Responding to questions from Sen. Patrick Leahy (D- Vt.) about his views on the First Amendment, Roberts revealed that outside of a case regarding media access to prisons — which he did not give details about — he had not dealt with many media law cases.

“I studied one [case] about media access to prisons, for example; the issue about whether the media had a right of access to prisons — they wanted to report on it,” Roberts told Sen. Leahy. “And so I’m not terribly familiar with the precise levels of scrutiny that apply.”

Sen. Leahy asked whether the First Amendment justified denying access to certain images, specifically bringing up coverage of rescue operations in the wake of Hurricane Katrina.

Roberts said he thought there were “perfectly valid” reasons for the government to exclude the media from some images and venues, but he could not specify which reasons would be “perfectly valid.”

Roberts said there was a balance important to maintain between particular interests when dealing with governmental operations.

“On the other hand, disagreement about whether it’s an appropriate issue for the public to see would not strike me as a very compelling governmental interest,” Roberts said. “And I think the courts regularly balance these sorts of things when they get an issue about a challenge by the media saying their First Amendment rights are being violated because of a particular exclusion.”

While Roberts did not specify reasons to curb access, he went on to use Justice Louis Brandeis’ famous quote: “Sunlight is the best disinfectant.” Roberts cited that as his general starting principle in regards to cases involving media access.

Roberts reiterated his lack of familiarity with the “precise legal standards or how they have developed since the prison access case” but said “it does require a consideration and weighing.”
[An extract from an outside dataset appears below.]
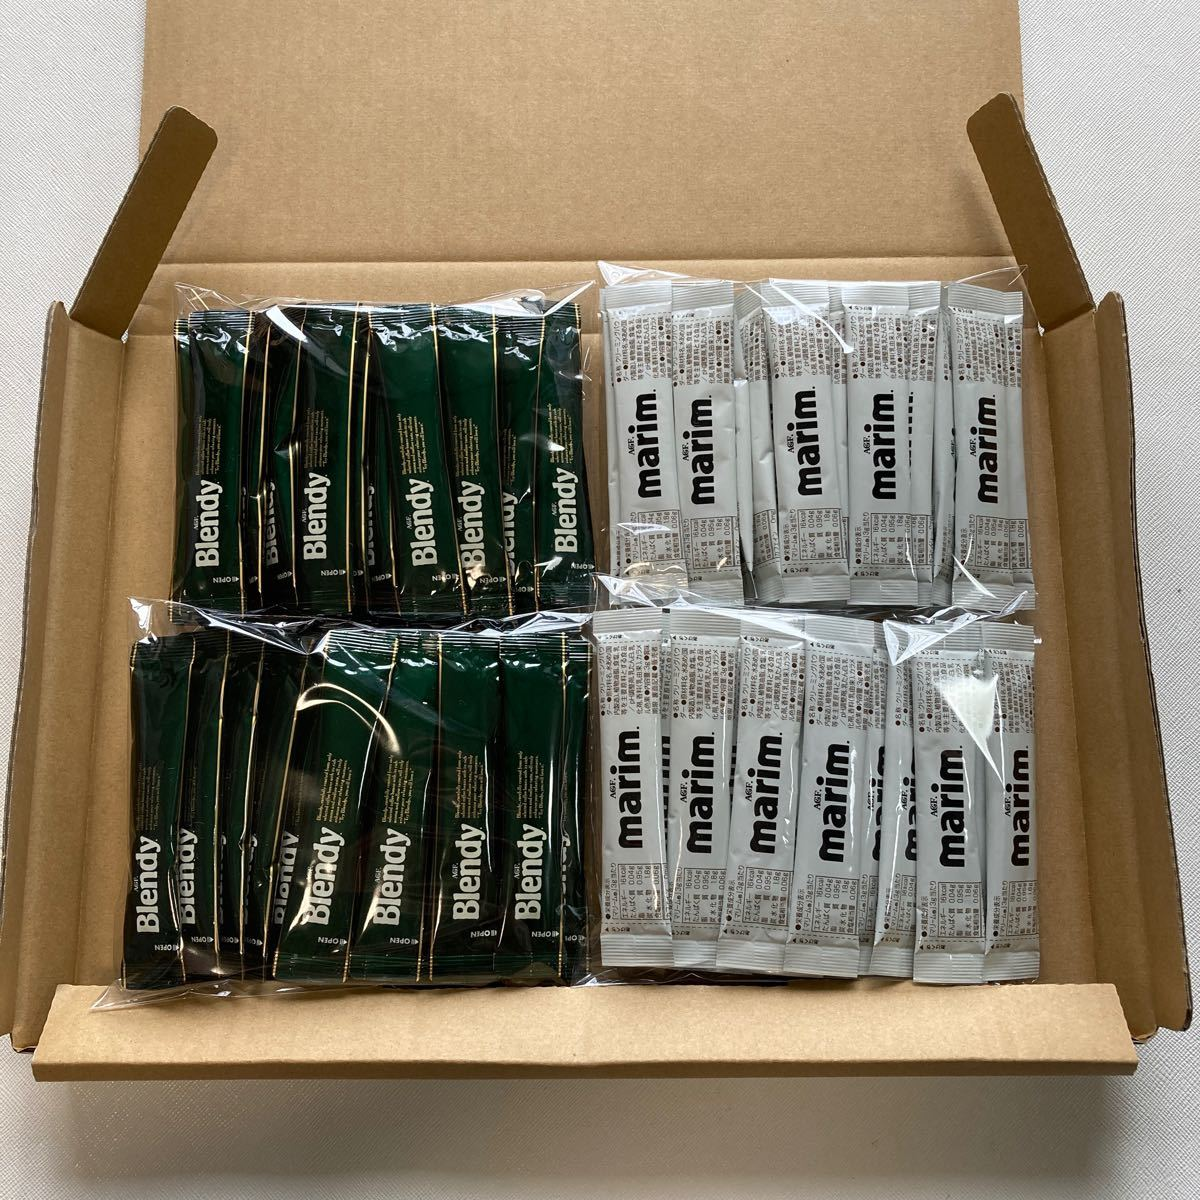 ブレンディ ブラックコーヒー スティック 40本 マリーム スティック 40本セット インスタントコーヒー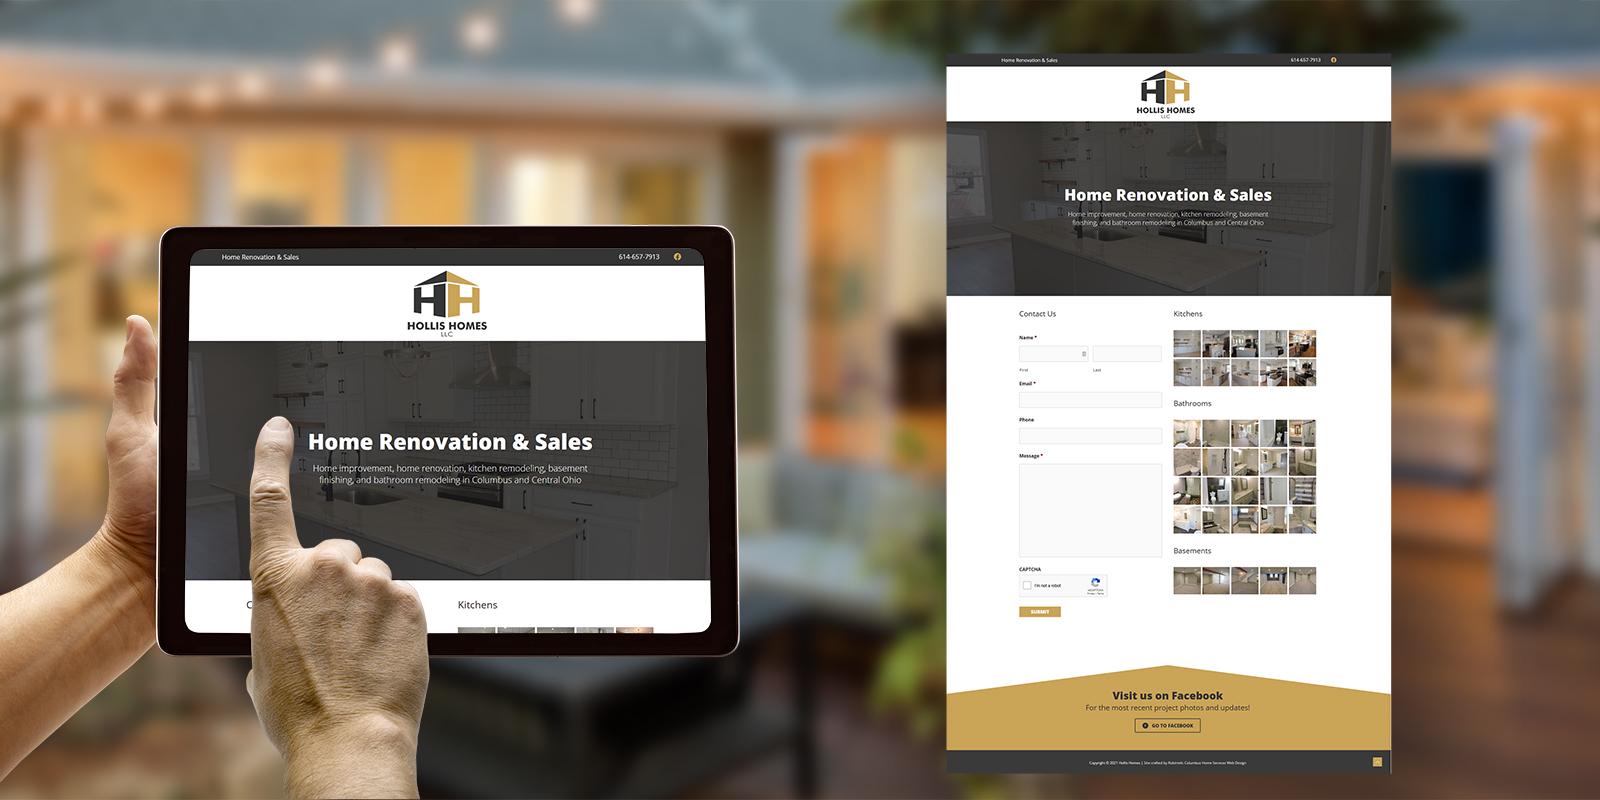 Hollis Homes website design

When asked if he favored or opposed cameras in the high court as the late Chief Justice William Rehnquist did, Roberts said that his “new best friend,” actor and former Tennessee senator Fred Thompson, assured him that “television cameras are nothing to be afraid of,” but that he personally “does not have a set view.” Thompson was appointed by the administration to shepherd Roberts through the nomination process.

In Tuesday’s proceedings, Roberts commented briefly on whistleblower cases, an issue raised by Sen. Charles E. Grassley (R- Iowa). Roberts said he recalled some whistleblower cases coming up in the U.S. Court of Appeals in Washington, D.C., on which Roberts serves, but did not have strong opinions that would reveal bias.

Also in Tuesday’s hearings, in response to questioning from Sen. Mike DeWine (R- Ohio), Roberts said he agrees that court precedent has established a lesser protection for pornographic speech than for political speech, and that he wouldn’t know porn until he sees it. Sen. DeWine raised the issue after pointing out that two Internet-related bills, the “Child Online Pornography Act” and the “Communications Decency Act,” had both been struck down by the courts.

Roberts did not indicate what level of protection that graphic speech deserved.

“The difficulty that the court has addressed . . . is always defining what is or is not pornography and what is entitled to protection under the First Amendment and what is not,” he said.

Though Roberts failed to express explicit First Amendment views on either end of the spectrum, he did stress the importance of the amendment Wednesday in his exchange with Sen. Leahy.

“The values of the First Amendment, obviously, are something that have to be given careful weight by the court, because the First Amendment serves a purpose,” Roberts said.